In bezog auf den Universalienstreit vertritt A. einen vermittelnden Standpunkt, wobei er aber dem Nominalismus nähersteht. Das Allgemeine liegt nicht in den Worten selbst. sondern in den Aussagen (»sermones«, Sermonismus), in den Bedeutungen der Worte. Das Allgemeine ist ein »sermo praedicabilis«, eine begriffliche Bedeutung (Konzeptualismus): es ist das von vielem Aussagbare (»quod de pluribus natum est praedicari«). Das Allgemeine ist daher kein Ding, keine selbständige Wesenheit. Die Universalien (oder die Ideen) existieren vor der Schöpfung nur als »conceptus mentis« (Gedanken) im göttlichen Geiste.

Am bedeutendsten ist A.'s Ethik. Diese zeigt, wie das höchste Gut durch die Tugend erreicht wird. Auf die Gesinnung, den guten Willen sowie auf das Gewissen kommt alles an, nicht auf äußere Werke, die an sich weder gut noch schlecht sind. Die Tugend ist »bona in habitum solidata voluntas«. Das Sittliche liegt stets in der »intentio animi«, die Sünde in der Zustimmung zum Bösen, in der Absicht, in dem, was das Gewissen verwirft (»non est peccatum nisi contra conscientiam«). Wenn eine Handlung sowohl objektiv als subjektiv richtig ist, dann ist sie gut, immer aber kommt es auf die Gesinnung, das sittliche Bewußtsein an, das freilich irren kann. »Intentio faciendi propter Deum quod convenit et dimittendi quod non convenit sola in se bona est; opus vero quodcunque numquam ex se bonum appellatur, nisi si ex bona intentione procedit.

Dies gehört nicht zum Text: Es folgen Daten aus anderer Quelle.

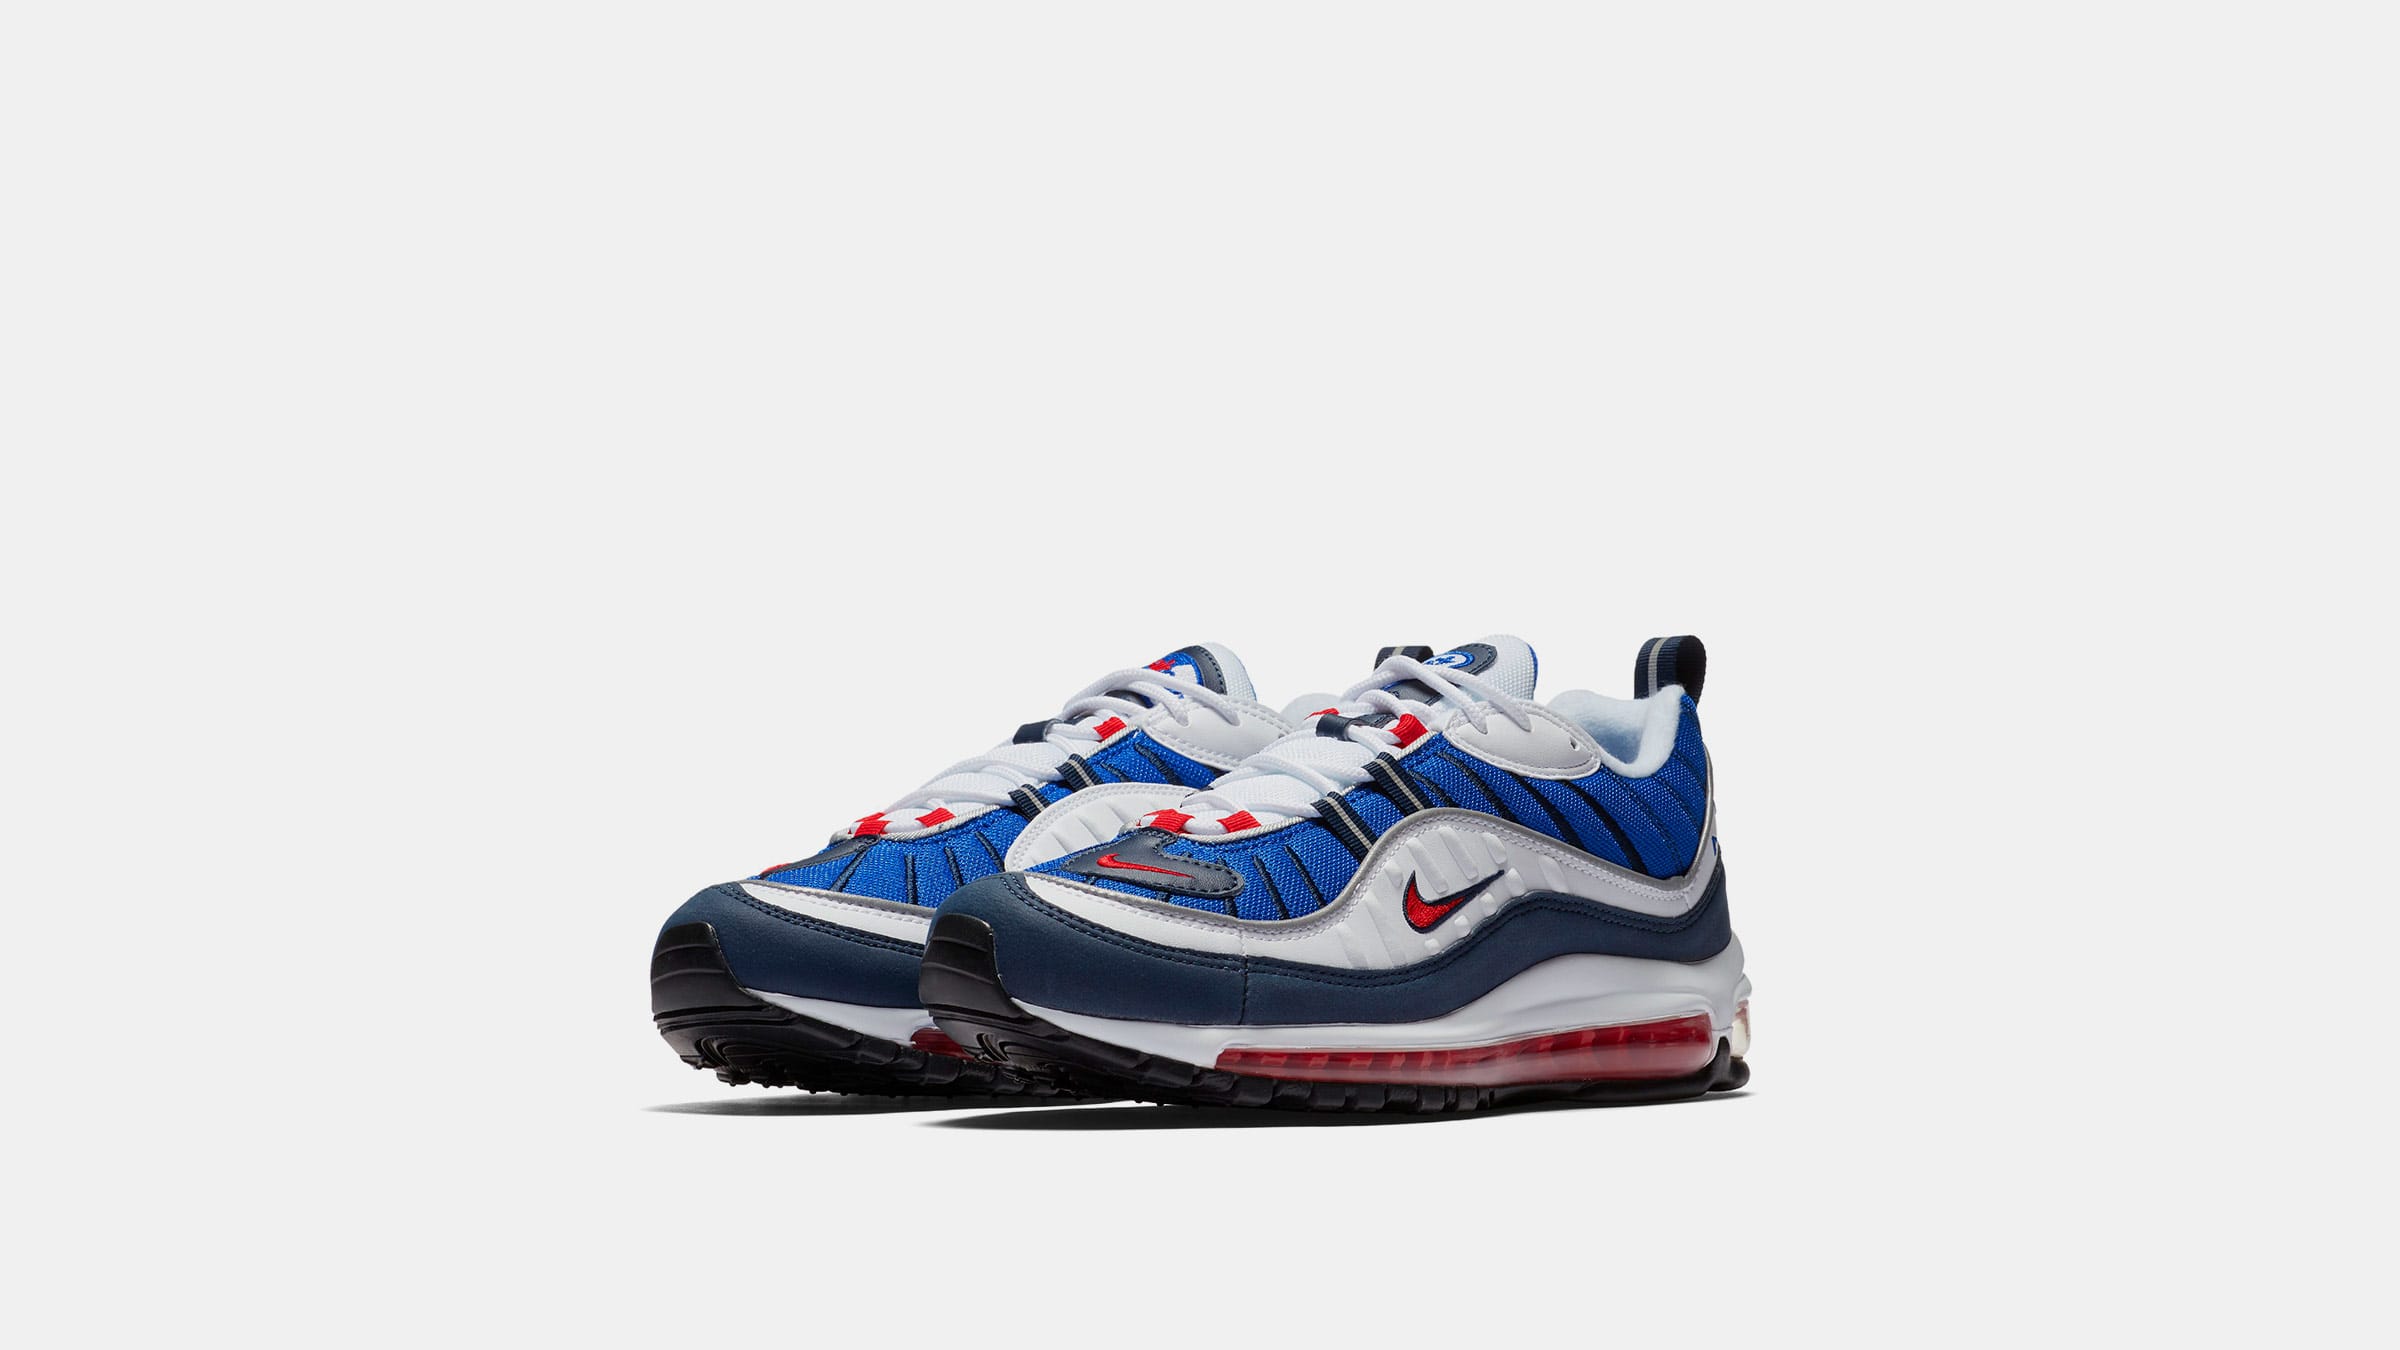 air max 98 red and blue

Intentionis igitur bonitas est propria, operis vero tantum communicata« (Scito te ipsum, C. 7). Das objektiv Gute ist das dem göttlichen Willen Gemäße und dieses ist das natürliche Sittengesetz. Höchstes Gut ist Gott und die Liebe zu ihm.

SCHRIFTEN: Historia calamitatum mearum. – Theologia, 1616 (nur der erste Teil). – Scito to ipsum, 1721 (Ethik). Dialogus inter philosophum, Judaeum et Christianum, 1831. – Die Schriften: Sic et non (1851), die Dialektik und das Fragment: De generibus et speciebus u. a. sind enthalten in: V. Cousin, Ouvrages inédits d'Abélard, 1836. – De unitate et trinitate divina, 1891. – Gesamtausgabe der Schriften (mit Ausnahme der letztengeführten) von Cousin, 1849-59. – Vgl. CH. DE RÉMUSAT, Abélard, 1845. – S. M. DEUTSCH, Peter Abälard, 1883. – A. HAUSRATH, P. Abälard, 1893. – TH. ZIEGLER, Abälards Ethica, Zeller-Festschrift 1884.

Quelle:
Eisler, Rudolf: Philosophen-Lexikon. Berlin 1912, S. 1-2.